Cette étude comparative a été fructueuse et a conduit à certaines conclusions. En premier lieu, les plurijuridismes canadiens et européens recèlent non seulement des dynamiques semblables, mais aussi des analogies sur des points précis (par exemple sur les instruments normatifs, ou les méthodes d’interprétation de la répartition des compétences). Il est ainsi apparu une véritable comparabilité des plurijuridismes. Deuxièmement, le développement de la protection des droits fondamentaux est semblable à bien des égards, s’agissant de la chronologie, de la pluralité des instruments et surtout quant à la difficulté d’appréhender l’impact des droits fondamentaux sur le plurijuridisme préexistant. Or, dans les deux cas, le danger est de le malmener en raison d’une homogénéisation structurelle même si les lignes de force du contentieux des droits et libertés (l’architecture juridictionnelle par exemple) sont fort différentes. À ce sujet, il y a certainement moins de propension dans l’Union européenne qu’au Canada de mettre à mal la diversité juridique. On retrouve d’ailleurs cette différence lorsque les juges canadiens et européens appliquent au fond les droits fondamentaux. Même si, sur bien des aspects, les méthodes d’analyse prétorienne de la protection substantielle se sont avérées proches et peu à même de justifier ou garantir la préservation adéquate de la diversité juridique.
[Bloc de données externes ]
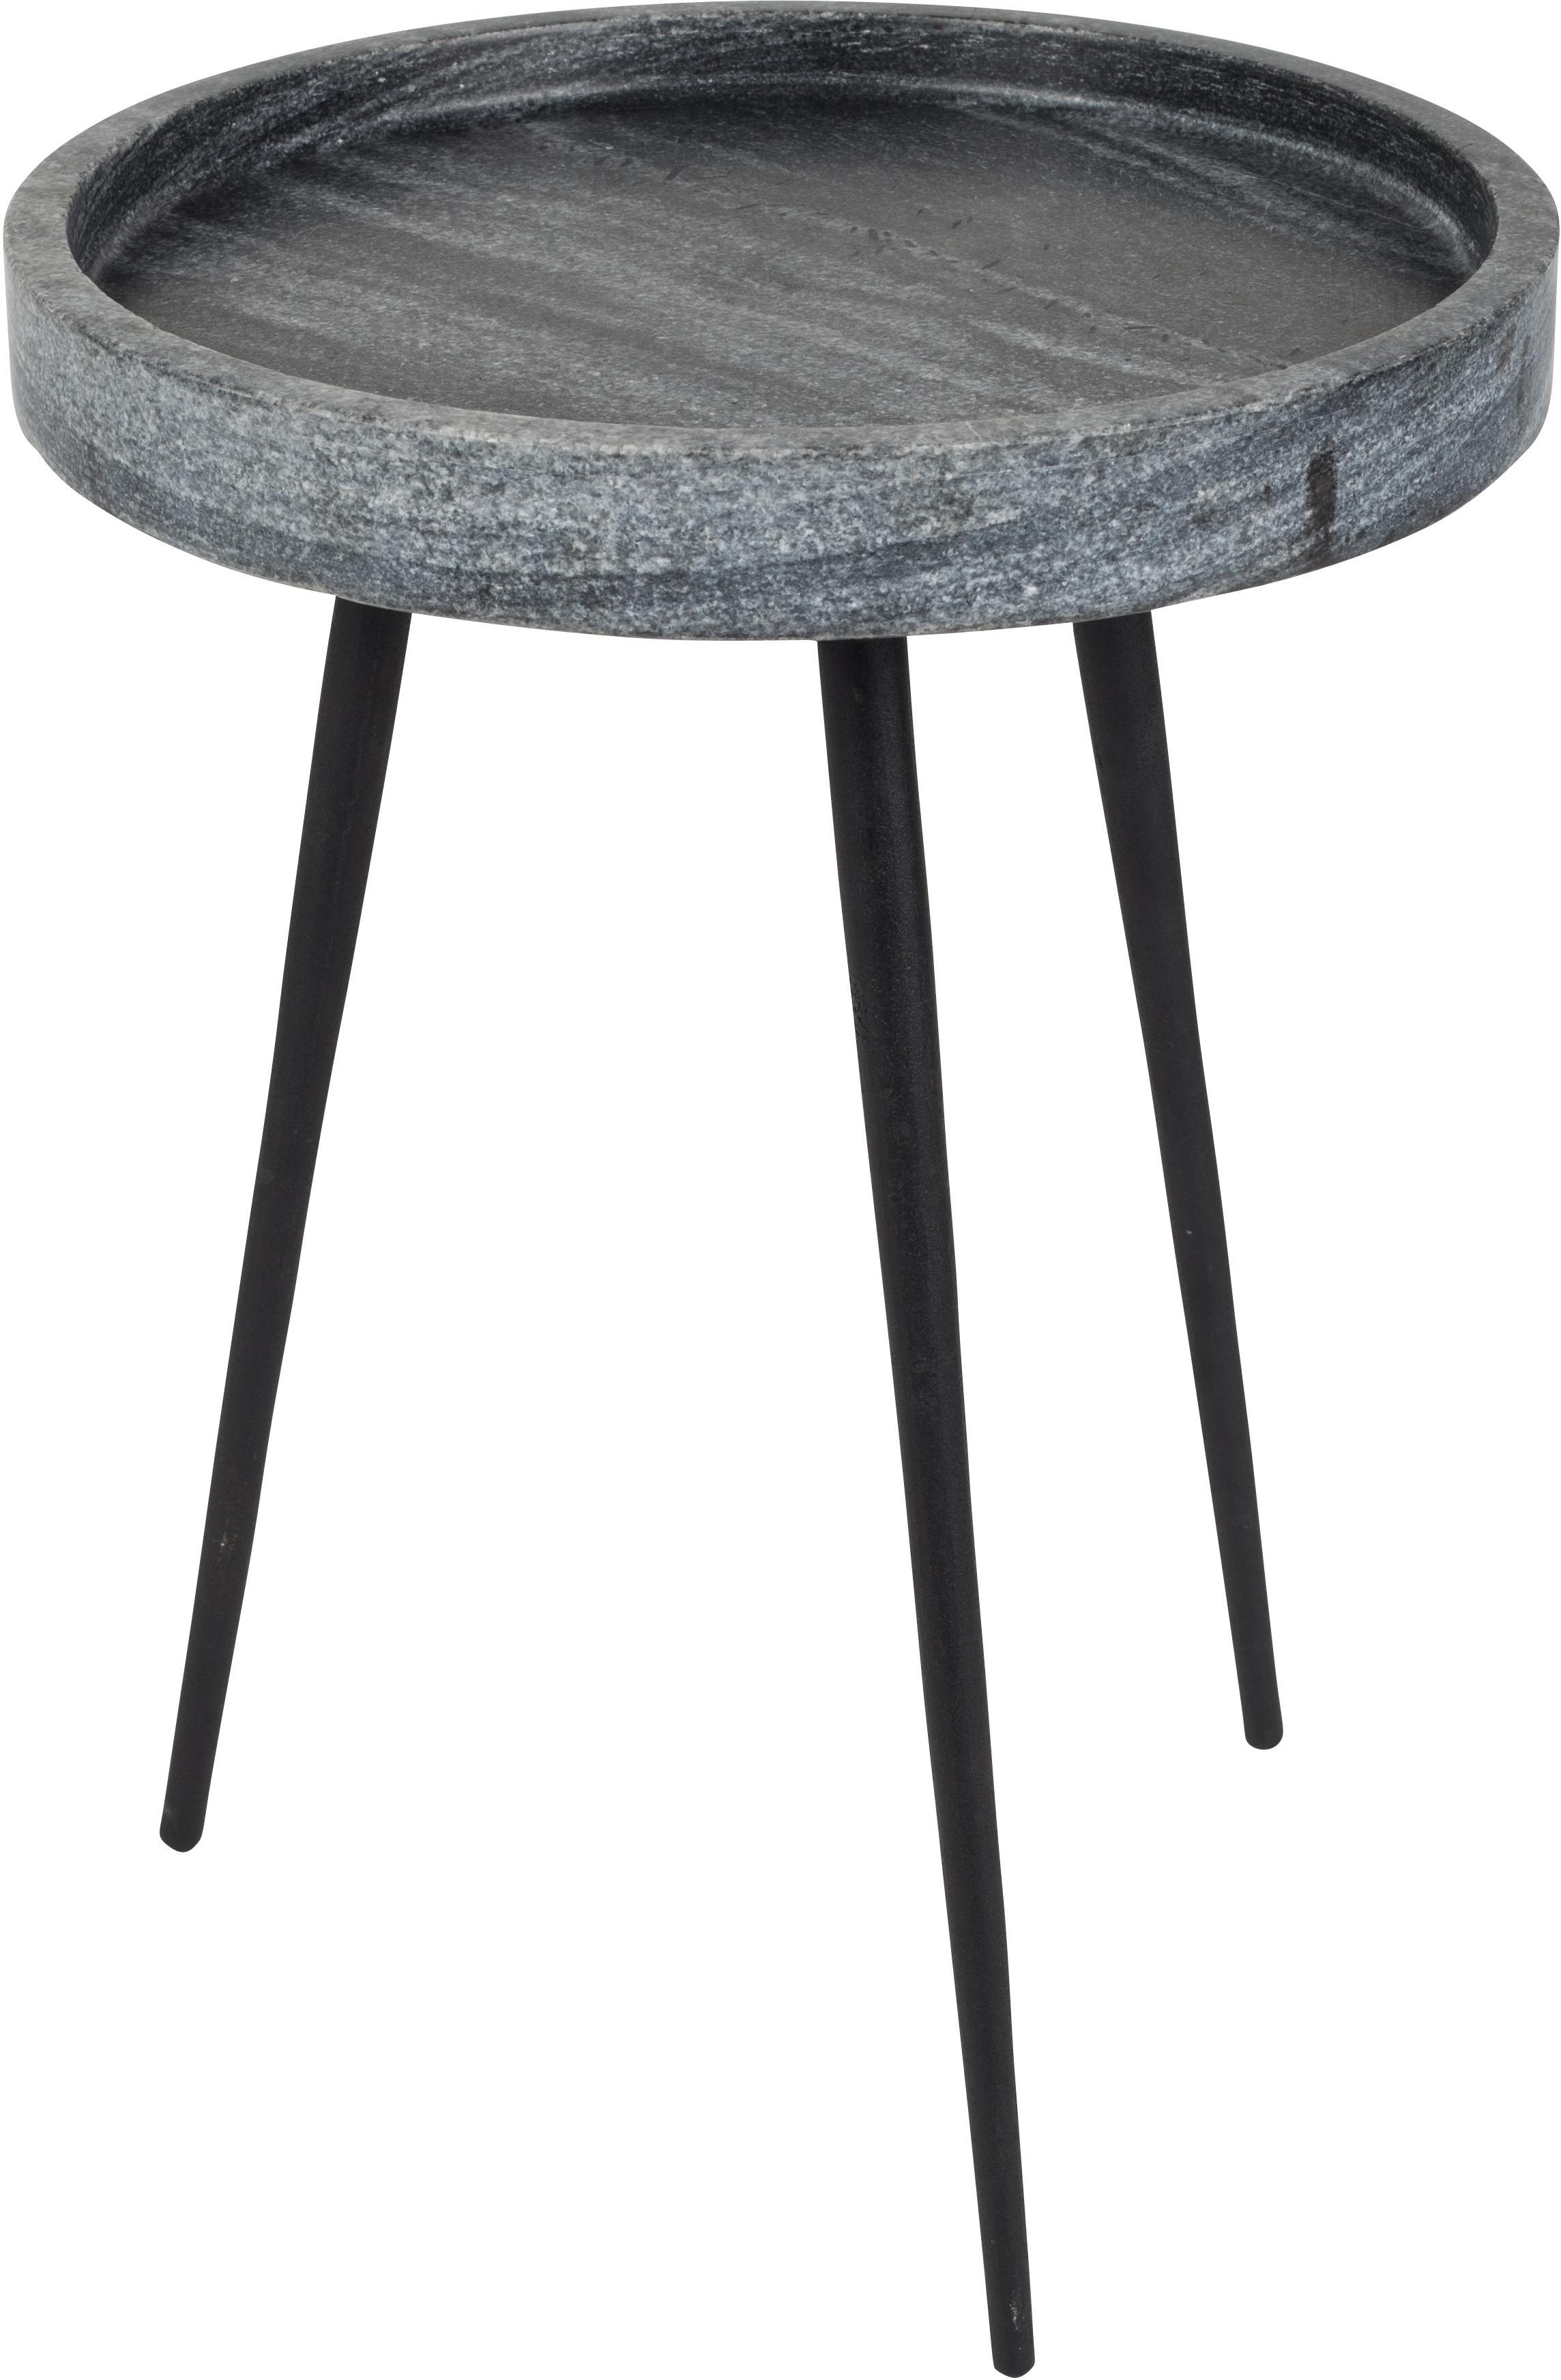 Mesa auxiliar redonda de mármol Karrara, Tablero: mármol, Patas: metal, pintura en polvo, Tablero: gris, veteado Patas: negro, Ø 33 x Al 45 cm
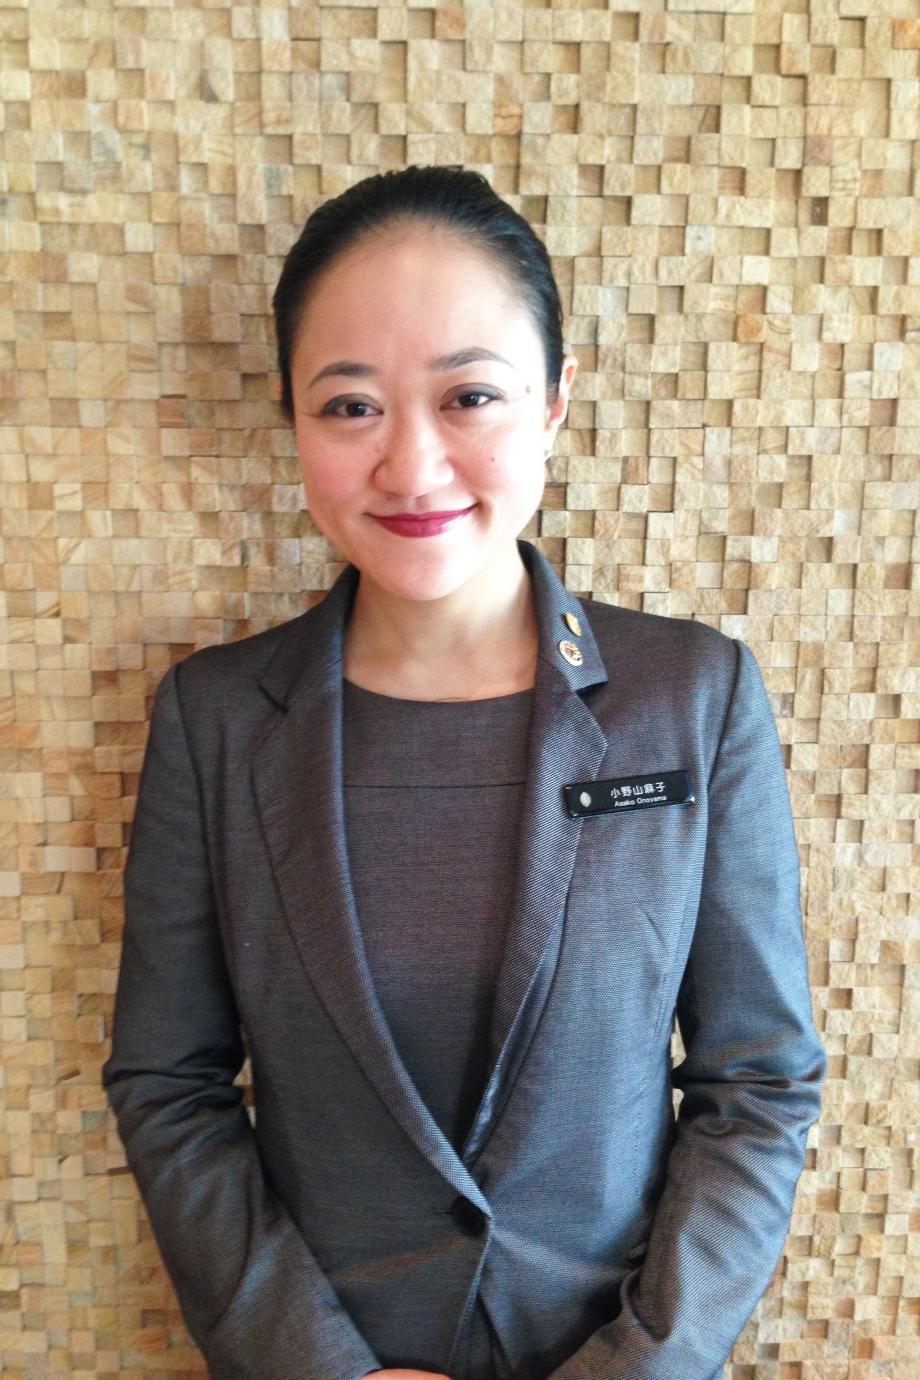 Ms. Asako Onoyama, Chief Concierge of InterContinental Osaka - AspirantSG

C’est d’ailleurs un des aboutissements de cette thèse que de proposer une gestion pluraliste de la protection des droits fondamentaux selon une méthodologie commune aux cours étudiées qui s’appuie sur trois principes régulateurs. Cette proposition méthodologique peut parfois se fonder sur certaines clauses précises et doit certes s’adapter aux textes et contextes propres à chacun des deux espaces, mais elle a pour objectif de répondre au défi commun en Europe et au Canada du respect de la diversité juridique y compris dans l’interprétation substantielle des droits fondamentaux.